Family of Tomás MacCurtain in City Hall to mark the birth of modern democracy in Cork

Family of Tomás MacCurtain in City Hall to mark the birth of modern democracy in Cork
Fionnuala MacCurtain, grand-daughter of Tomás MacCurtain, with her son Aron and her daughter Sarah looking at the bust of Tomás MacCurtain in a foyer at Cork City Hall prior to a special meeting of Cork City Council to commemorate the centenary of the election of Tomás MacCurtain as Lord Mayor of Cork.Picture Denis Minihane.

A SPECIAL commemorative meeting of Cork City Council took place tonight to honour 100 years of modern democratic politics in Cork.

Former Lord Mayors of Cork, the Cathaoirleach of the Seanad, Oireachtas members, representatives of the Armed Forces, Naval Service and An Garda Siochána joined Government officials and representatives of family members elected to Cork Corporation 100 years ago at a commemorative special meeting in City Hall.

The event was to commemorate the election of Tomás MacCurtain as Lord Mayor of Cork, the Council’s pledge of allegiance to the Dáil Éireann, the extension of the right to vote to women ratepayers and the use of proportional representation in an election for the first time.

Tomás MacCurtain
Tomás MacCurtain

Lord Mayor of Cork, Councillor John Sheehan said: “The 1920 local elections played a key transitional role in Irish revolutionary history and this commemorative meeting is a focal point of Cork City Council’s programme of events to mark this defining year”.
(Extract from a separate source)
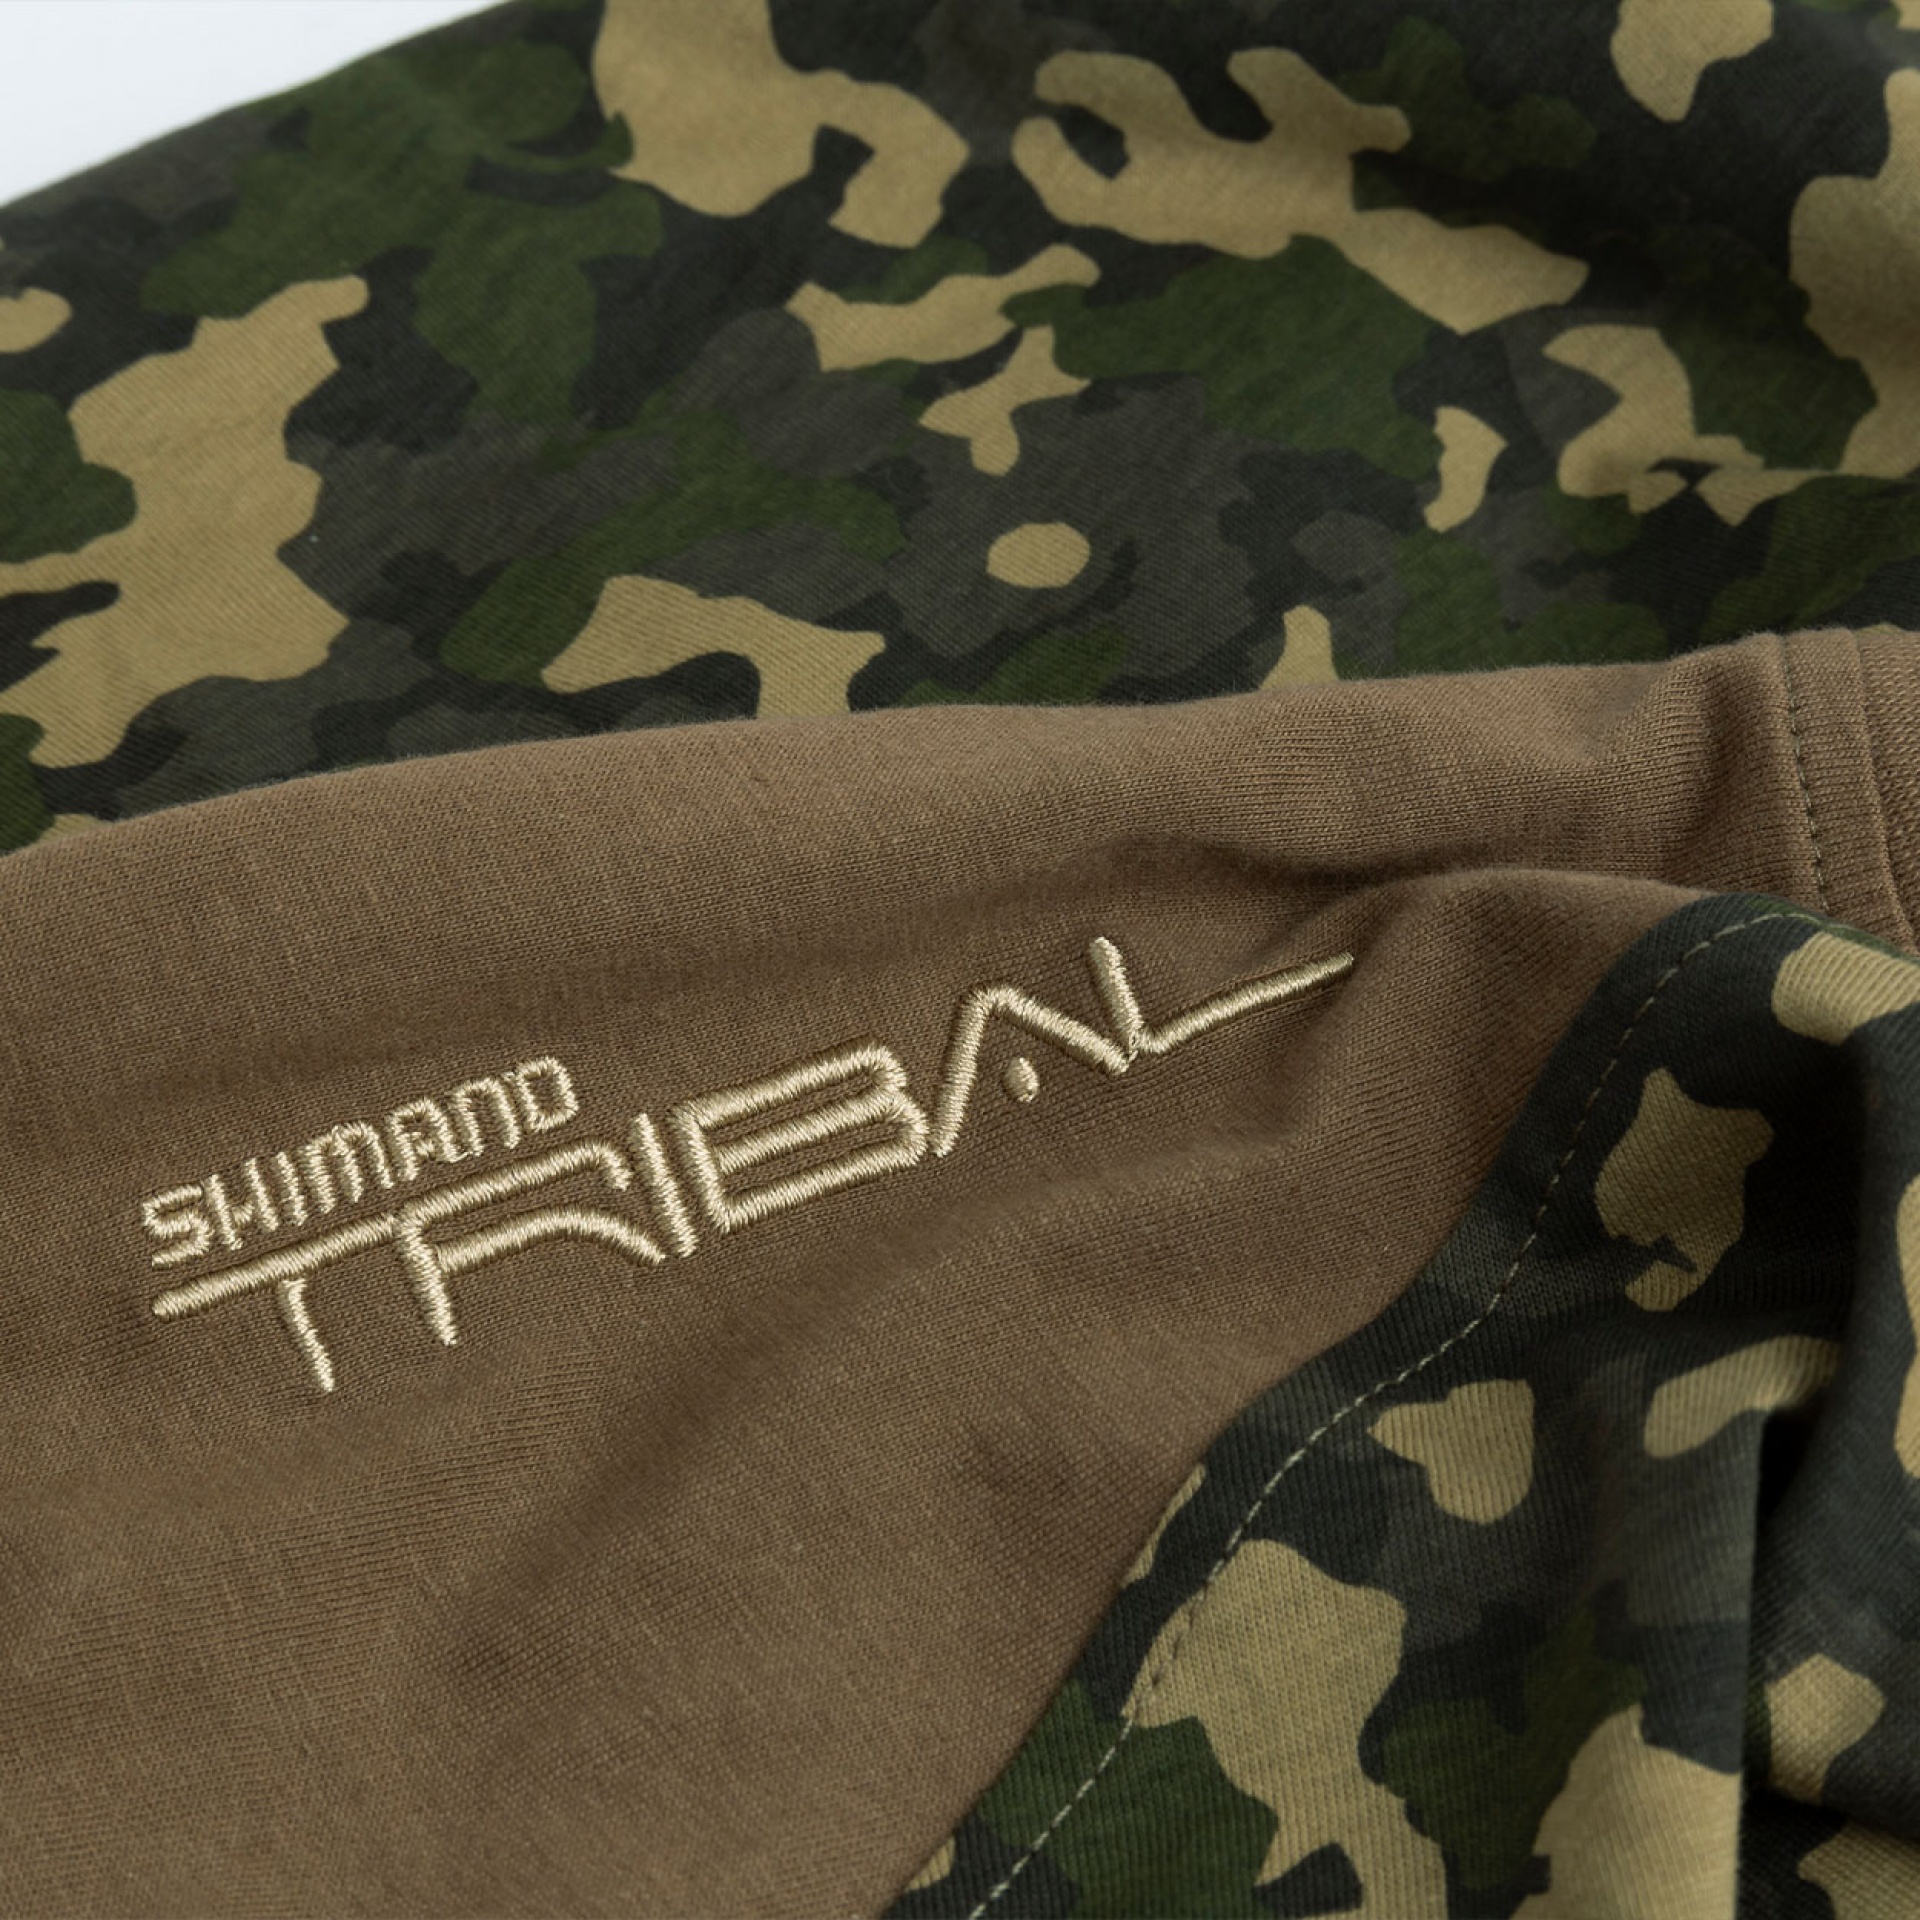 Shimano Tribal Tactical Wear Tricam T-Shirt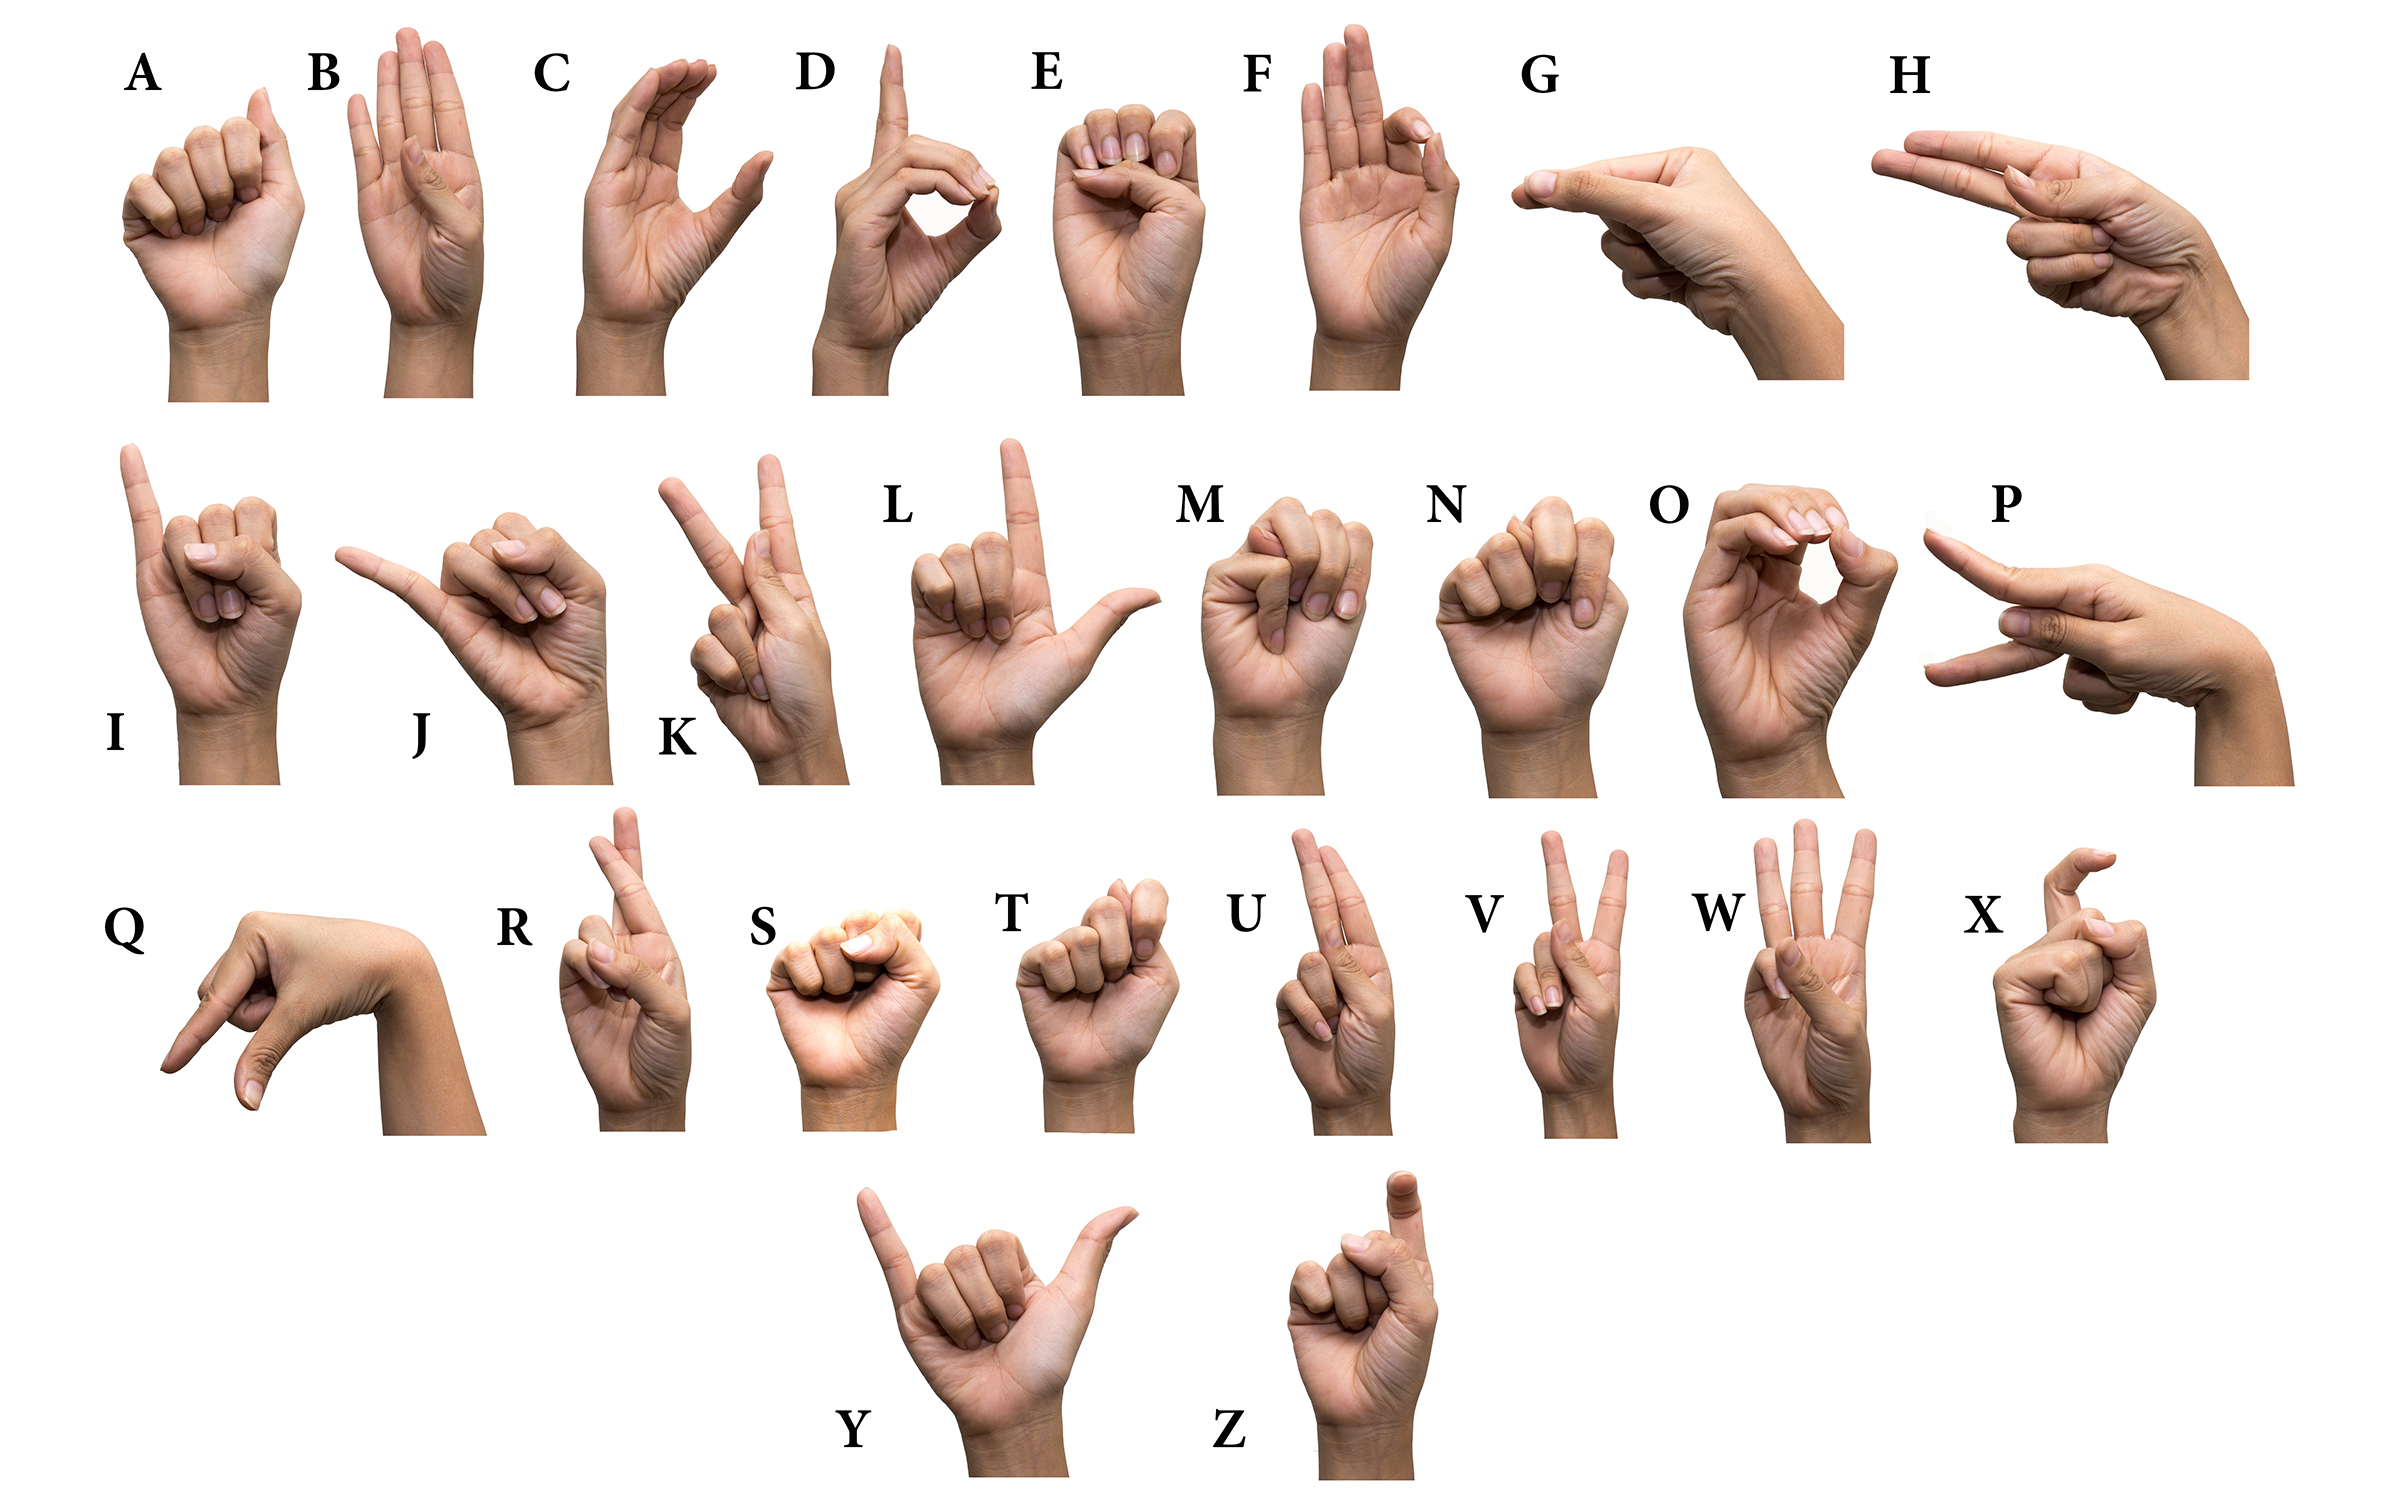 Глухой на английском. Американский дактильный алфавит. Язык жестов. Язык жестов английский. Азбука для глухонемых на пальцах.

City Archivist, Brian Mc Gee presented the 1920 minutes book to the meeting.

Dr John Borgonovo from UCC’s School of History and Dr Fiona Buckley from UCC’s Department of Government and Politics spoke in the chamber.

Mr Borgonovo said: “The Republicans were a new force in Irish politics and its leaders had been largely unknown in the city prior to 1916.

“Their victory in the 1920 local elections was an expression of the public’s clear desire for Irish self-determination.

"The election in Cork was also connected to the rapid expansion of popular democracy in Ireland and in Europe in this period as seen by Cork Corporation’s 1920 election of its first female councillor and of an unprecedented number of labour and trade officials to the Chamber".

Representatives from Comhairle na nÓg, the trade union movement, the 50/50 group and from communities across the city participated in the meeting.

Sixteen members of the current council read extracts from the minutes of the meeting of Cork Corporation on January 30, 1920, and from local newspapers.